Seminar: AI for High-Performance Climate in The Age of Computation by Prof. Torsten Hoefler

09 Jan 2025 10.30 AM - 11.30 AM LT 14 Current Students, Industry/Academic Partners, Public

Abstract: In the Age of Computation, traditional machine learning models are beginning to encounter data limitations. To address this, we are leveraging synthetic data and interacting agents to develop next-generation systems. This talk will illustrate how these advancements can revolutionize climate science. We will present an example from the recent Earth Virtualization Engines meeting in Berlin, where 140 scientists set the ambitious goal of achieving global 1km resolution simulations. However, we will demonstrate that the computational demands for such high-resolution simulations are currently unfeasible. By exploring the entire pipeline of weather and climate research, we will outline innovative solutions at each stage. For data assimilation, we propose the use of diffusion models inspired by image infilling techniques.

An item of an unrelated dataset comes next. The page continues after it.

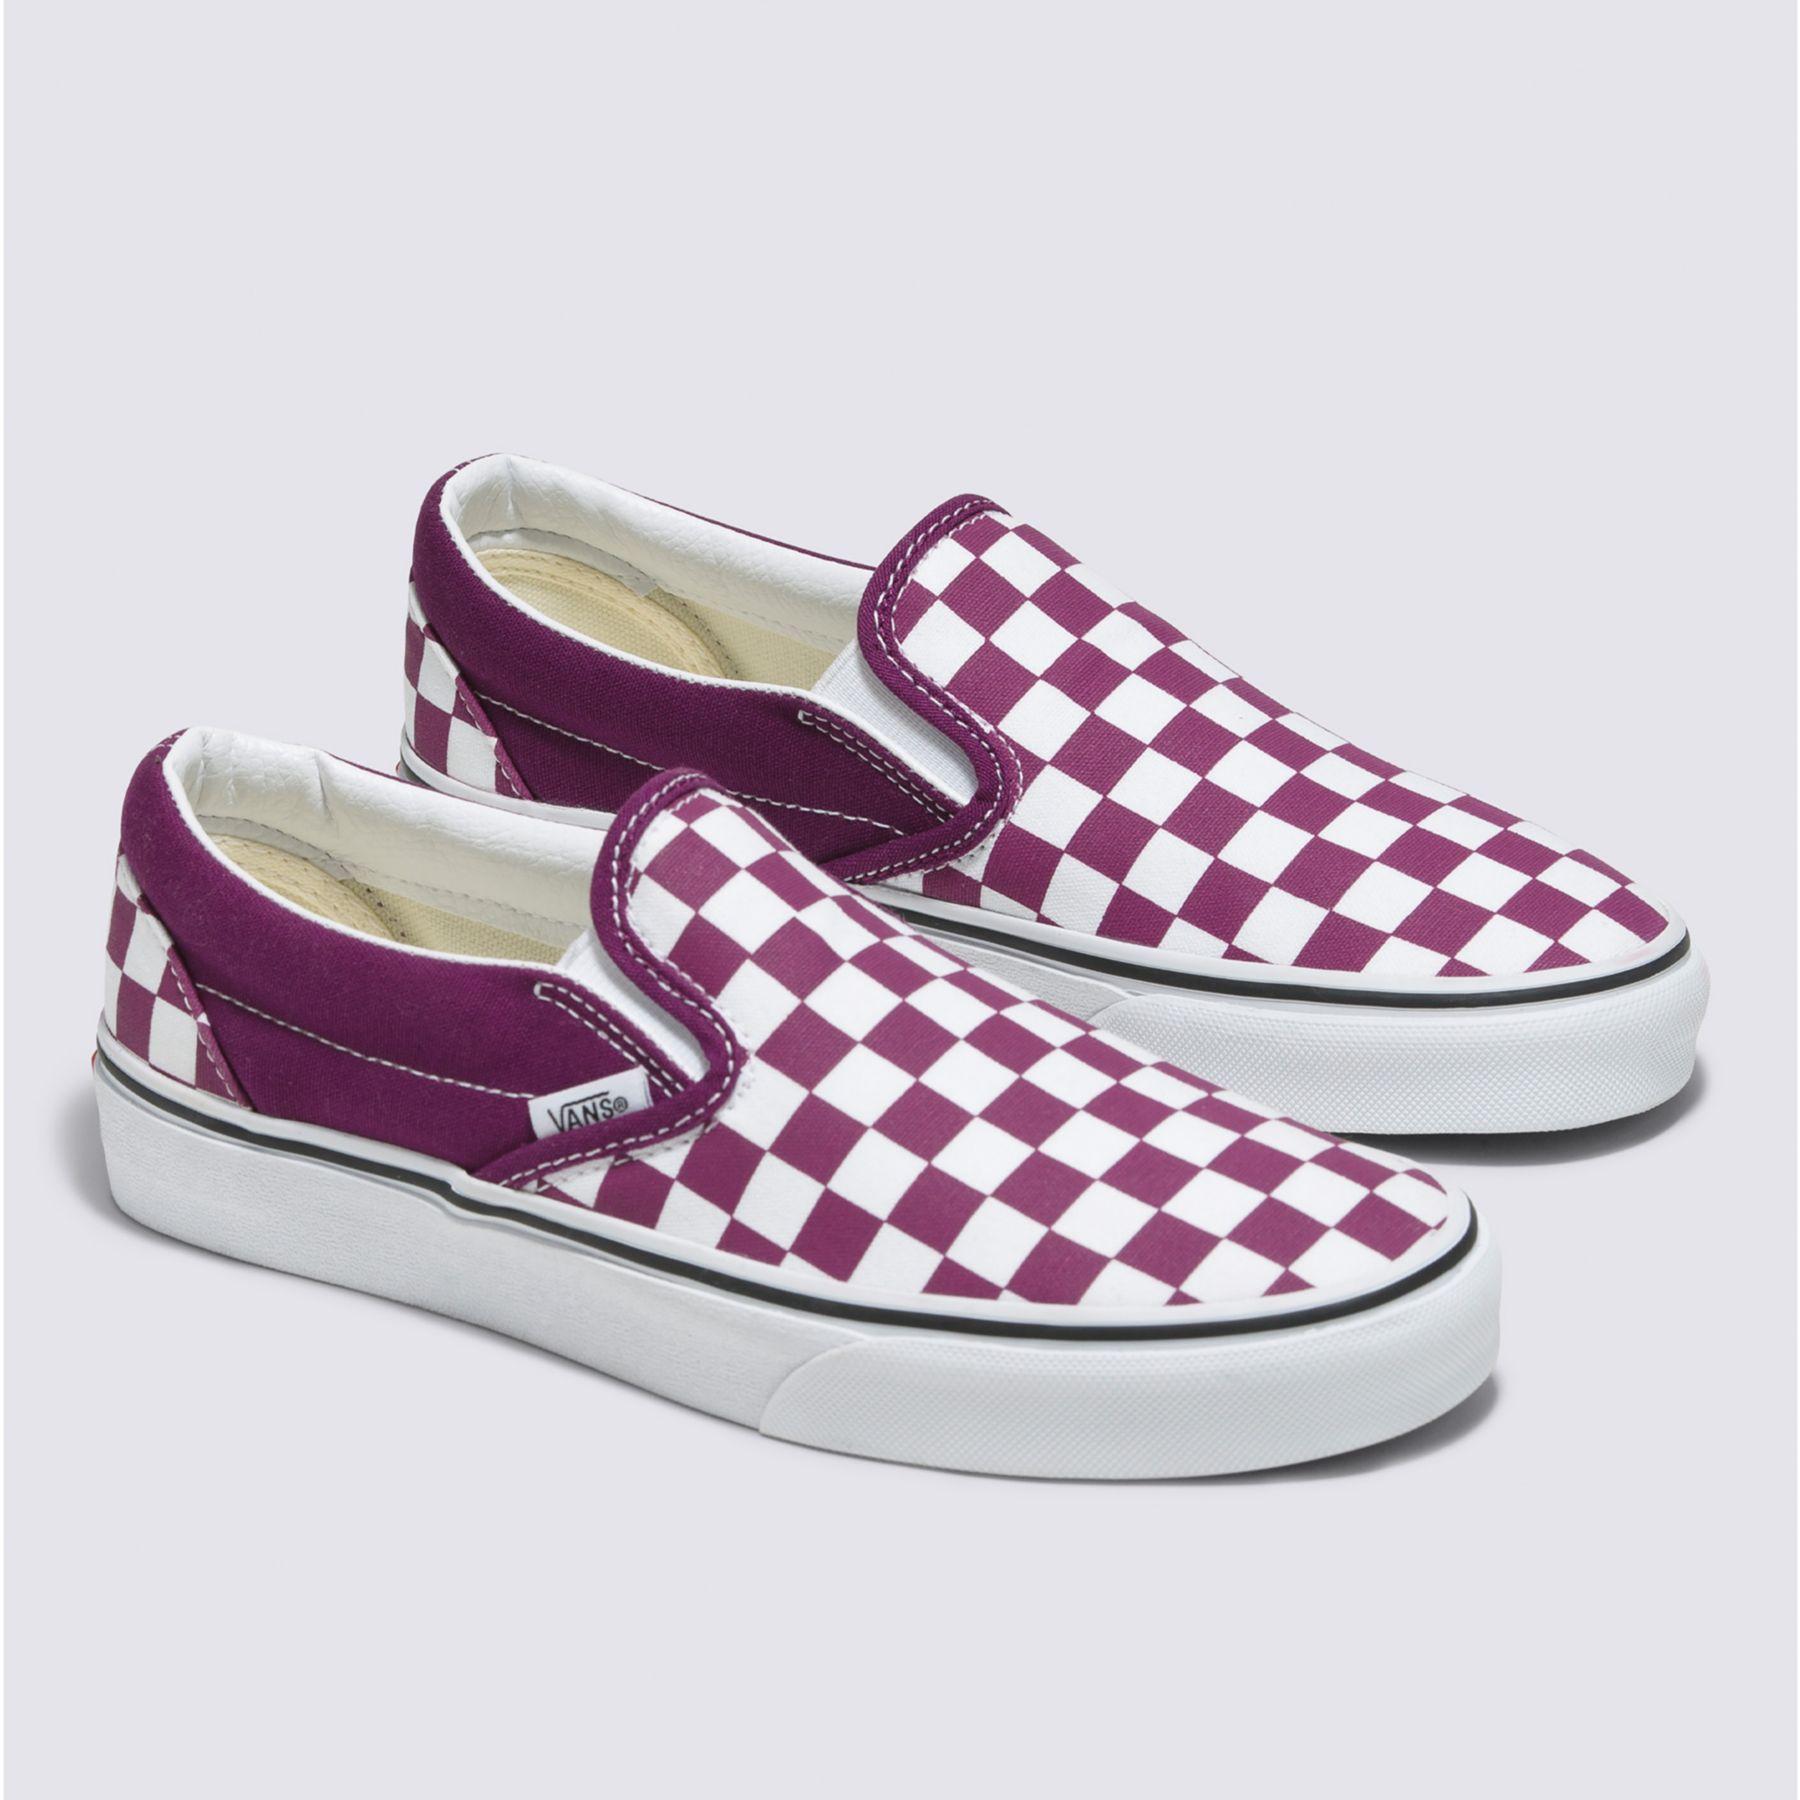 Vans Checkerboard Color Theory Classic Slip-on Shoes in Purple | Lyst UK

In the simulation phase, we recommend combining traditional dataflow optimizations from the original Fortran code with AI techniques, utilizing our Data Centric Parallel Computing framework (DaCe) to replace certain simulation components. Additionally, we will question whether AI could eventually fully replace traditional simulations, highlighting the limitations of current methods and inspiring future research to overcome these challenges. In the post-processing stage, we will showcase how neural compression can be employed to store and analyse petabytes of climate data efficiently. Through various use-cases and studies, we will also address potential pitfalls in lossy data compression and propose solutions. Ultimately, this presentation will demonstrate how AI, integrated with existing simulation methods, can surpass current computational limitations, driving forward the field of climate science.

 

Bio: Prof. Torsten Hoefler is a Professor of Computer Science at ETH Zurich and the Chief Architect for Machine Learning at the Swiss National Supercomputing Centre. Prof. Hoefler is one of the world’s leading scientists in the field of high-performance computing, who is recognised for his foundational contributions to HPC and the application of HPC techniques to machine learning. Prof Hoefler is an ACM Fellow, IEEE Fellow, and Member of Academia Europaea. He received the ACM Gordon Bell Prize in 2019, was the first recipient of the ISC Jack Dongarra Award in 2023, and was awarded Max Planck-Humboldt Medal (the most prestigious German award to internationally outstanding mid-career scientists) in 2024. He has more than 300 papers in peer-reviewed international conferences and journals, numerous awards for best paper at top conferences (ACM, IEEE), and has a h-index of 76 (on Google Scholar).

 

Prof Hoefler’s research aims at understanding the performance of parallel computing systems ranging from parallel computer architecture through parallel programming to parallel algorithms. He is also active in the application areas of Weather and Climate simulations as well as Machine Learning with a focus on Distributed Deep Learning. Prof Hoefler is making invaluable contributions towards efforts to harness AI and high-performance compute for scientific research, and applications in areas such as weather simulation, healthcare, and the optimisation of algorithms for green computing.